The late Benoit Mandelbrot was a true polymath, inspiring new ways of thinking far beyond his own field of mathematics. In an interview conducted a few years ago, he made the following point about communication:

Many scientific articles are completely flat because they are written for people who do not have to be convinced. They are part of a small circle within a well-established domain; they write for each other, know more or less everybody, or are introduced by their thesis supervisors or mentors. As a result, style is a very secondary and unimportant thing for them. In my case, the fact that I write for an unknown public necessarily influences and shapes my style. Whether it is opera or Greek drama, one must know how to enter into a subject quickly because one cannot assume that the public will wait to understand. One has to be able to speak to people in their style, motivate and perhaps amuse the reader a little.

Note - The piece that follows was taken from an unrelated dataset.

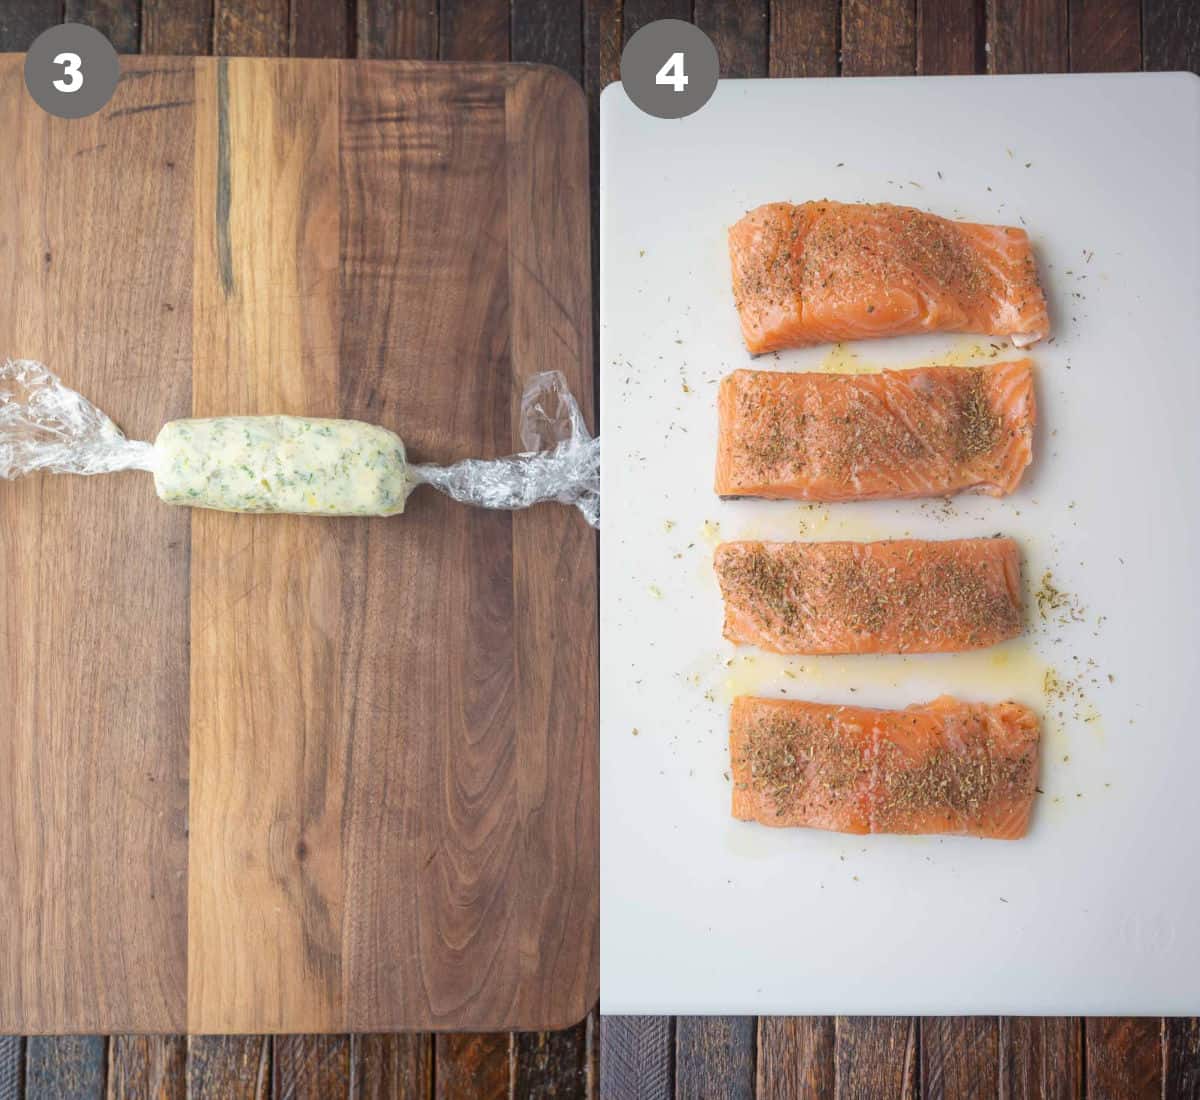 Herb butter rolled up into a log and wrapped in plastic wrap. Salmon filets placed on a cutting board.

Chris Lehmann is a master at drawing people in. Though caustically titled and serious in intent, his Rich People Things made me laugh every few pages. He’s plied his trade on the RPT blog for about a year, but trust me: buy the book. As he notes in a brutal few pages on the Free-deology of Wired guru Chris Anderson, the web is rapidly moving toward a “feudal model of enterprise, whereby managerial rentiers . . . extract fees far upstream” from actual creators.

Ever wondered why the modern Supreme Court seems a lot more concerned about preserving corporate secrecy than personal privacy? As Lehmann observes, it’s merely reverting to form. Lehmann describes the dubious reasoning behind the court’s 1886 fiat, in Santa Clara County v. Southern Pacific Railroad, that corporations deserved personhood. (Perhaps one day BP can run for Senator in Louisiana and get rid of the middleman.) As Justice Black observed in the 1930s, in the 50 years after Santa Clara, in the cases where the Supreme Court applied the 14th Amendment, “less than one-half of one percent invoked it in protection of the Negro race, and more than 50 percent asked that its benefits be extended to corporations.” Lehmann reads the majority opinion in Citizens United as the “logical culmination in a long tradition of business-friendly jurisprudence from the Supreme Court.”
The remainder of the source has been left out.